### ACTION ITEM:
Filter this listing down to the lines that contain the word "Tampa", and copy them.

### AVAILABLE DATA:
______
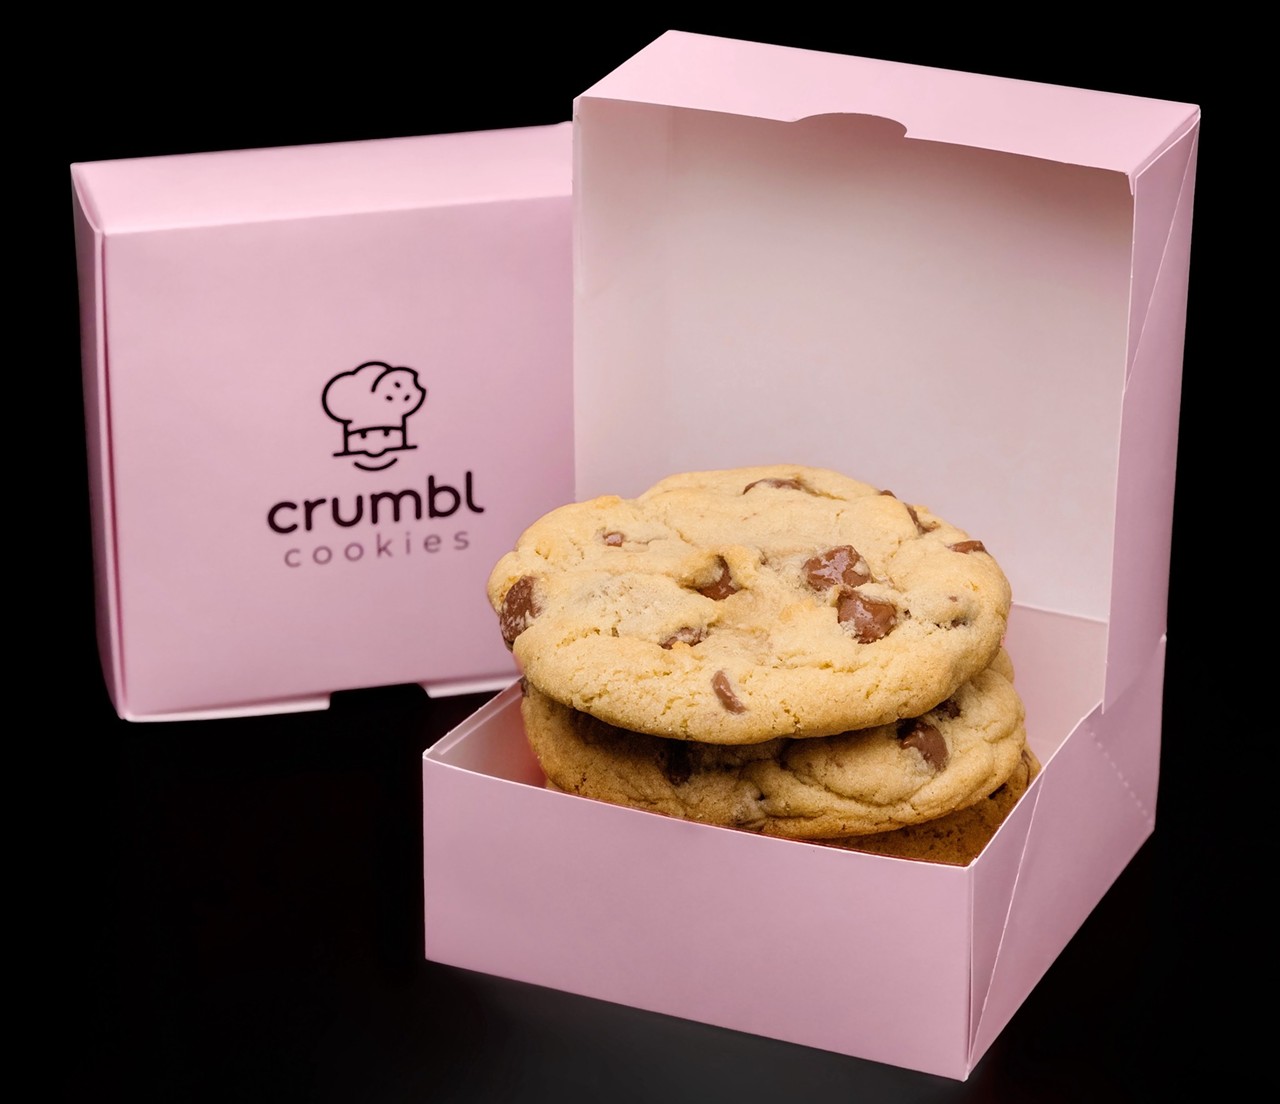 Crumbl Cookies  
1902-A S Dale Mabry Hwy., Tampa
With multiple locations in surrounding areas, it’s about time that Crumbl Cookies comes to Tampa. Known for its rotating menu of unique and decadent cookie flavors, this week includes s’mores and walnut fudge brownie, alongside classic menu favorites like milk chocolate chip. Cookies not enough for you? Crumbl serves ice cream as well.
Photo via Photo via Crumbl Cookies/Facebook
______
### YOUR RESPONSE:
1902-A S Dale Mabry Hwy., Tampa
With multiple locations in surrounding areas, it’s about time that Crumbl Cookies comes to Tampa. Known for its rotating menu of unique and decadent cookie flavors, this week includes s’mores and walnut fudge brownie, alongside classic menu favorites like milk chocolate chip. Cookies not enough for you? Crumbl serves ice cream as well.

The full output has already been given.